In this part of the state, one-quarter of the people live below the federal government’s poverty line. They’ve been hit hard by rising food and gas prices. So when the Roadrunner food pantry hands out 50 pounds of groceries for $2, that’s an offer locals can’t refuse.

JANE BATSON, dean of health, Eastern New Mexico University: Did you go get your blood pressure checked?

BETTY ANN BOWSER: While people wait for food, Jane Batson works the line, looking for those with health care problems.

JANE BATSON: Have you got one?

NEW MEXICO RESIDENT: Oh, a doctor? No.

BETTY ANN BOWSER: As dean of health at Eastern New Mexico University Roswell, Batson is keenly aware that nearly one quarter of the people in New Mexico have no health insurance. That’s the second-highest percentage of any state in the nation.

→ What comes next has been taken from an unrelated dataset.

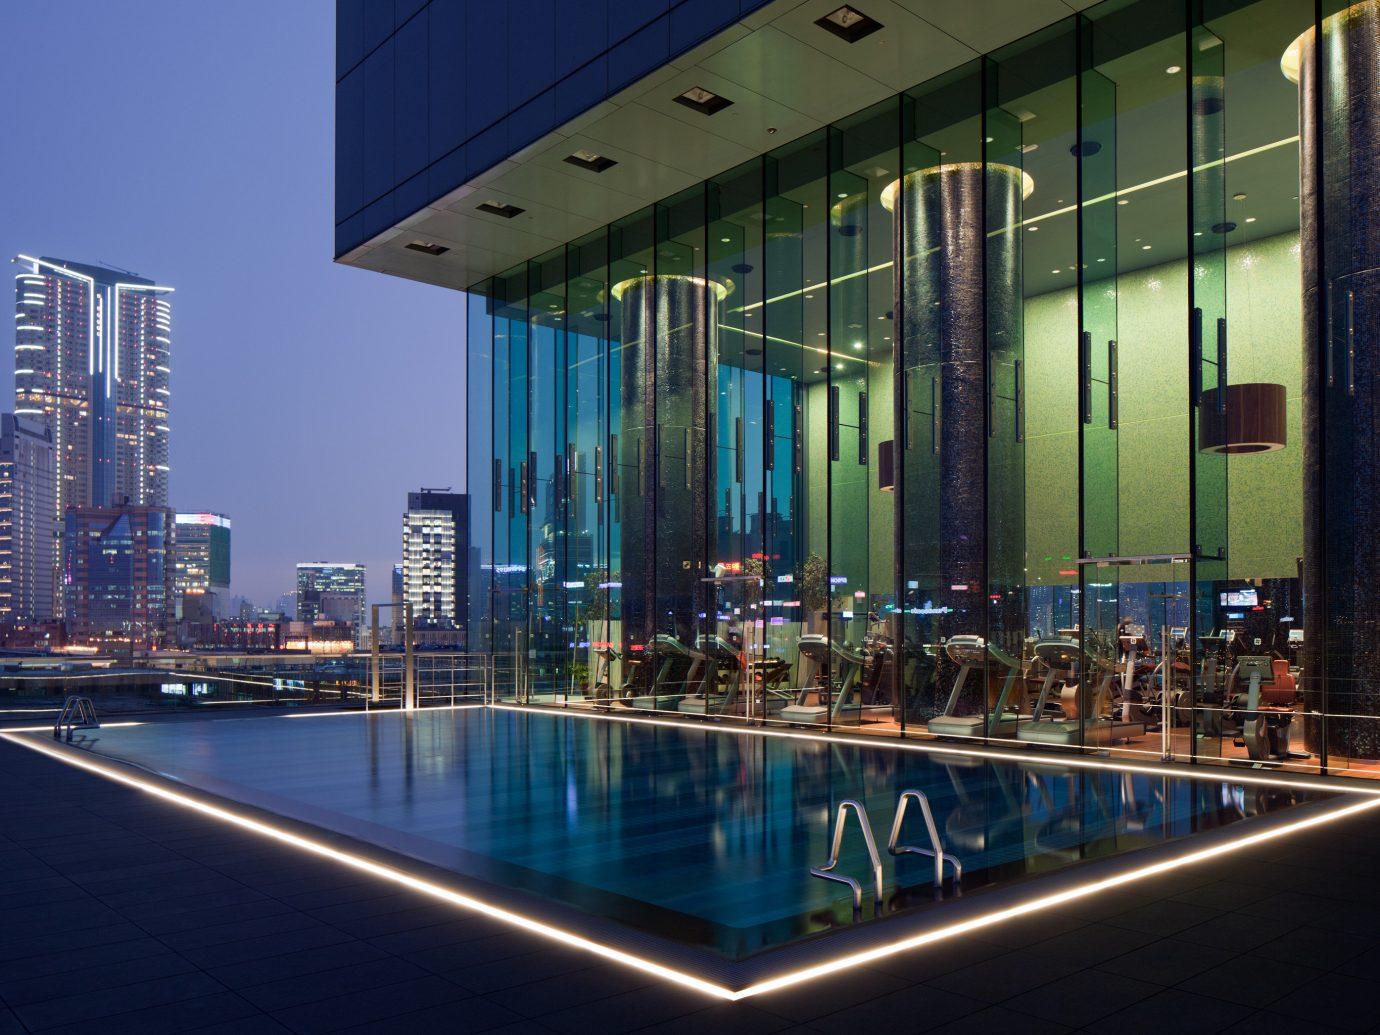 Hotels building outdoor Architecture night condominium lighting convention center reflection headquarters City skyscraper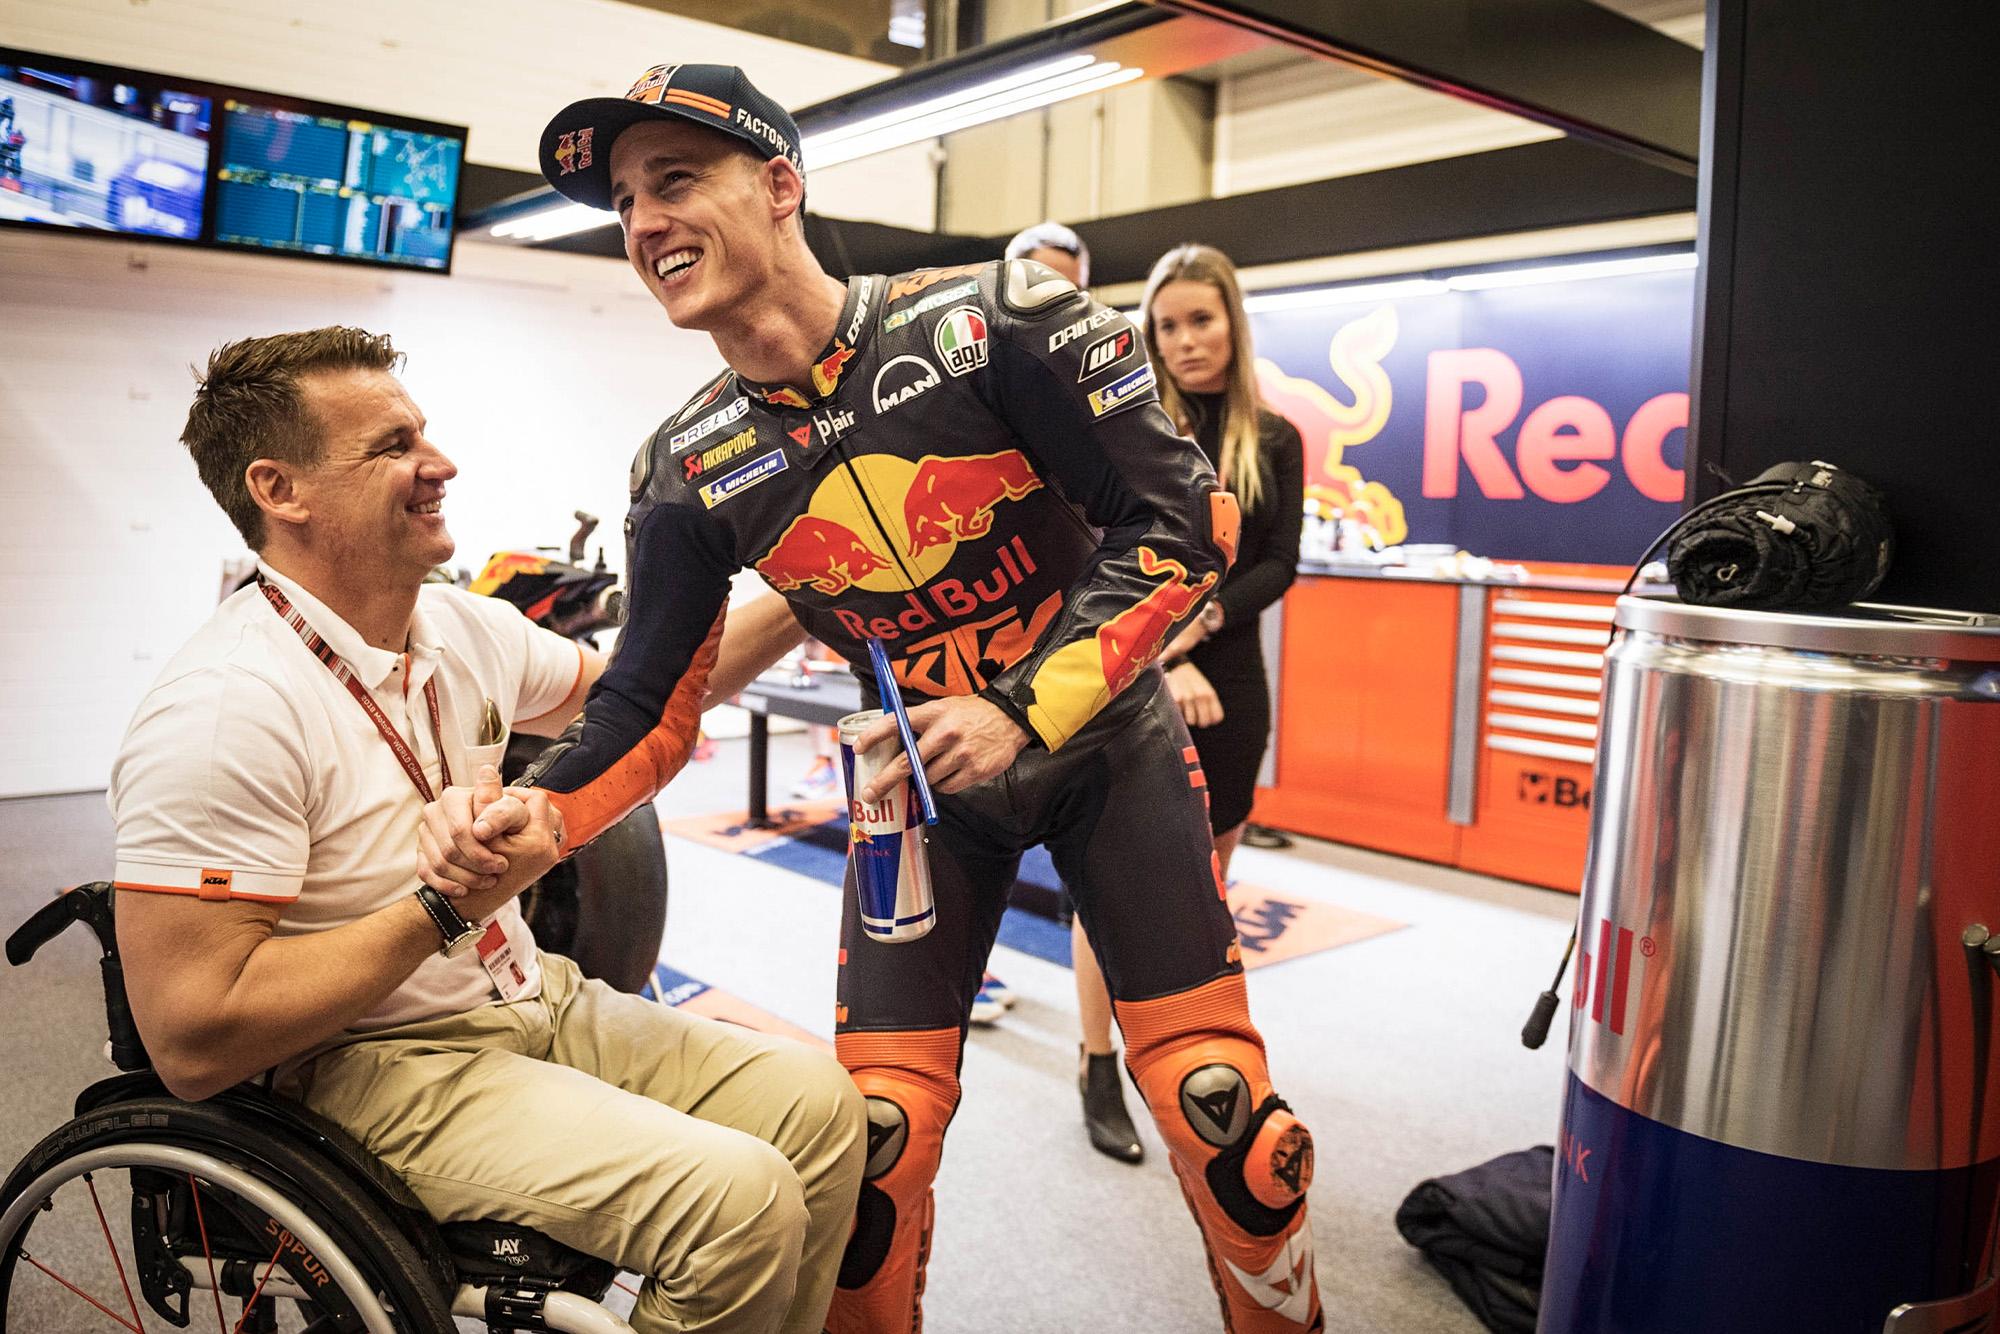 KTMs Pit Beirer with Pol Espargaro

Many of these people work for the small businesses that drive much of the economy of the state and whose owners can’t afford to offer health insurance.

So Batson, in conjunction with the food pantry, Blue Cross-Blue Shield, and several drug companies, runs this outreach program.

DOCTOR: OK, a little stick, one, two, three.

BETTY ANN BOWSER: It provides blood pressure checks, diabetes screening, and help for people like Sandra Beckley.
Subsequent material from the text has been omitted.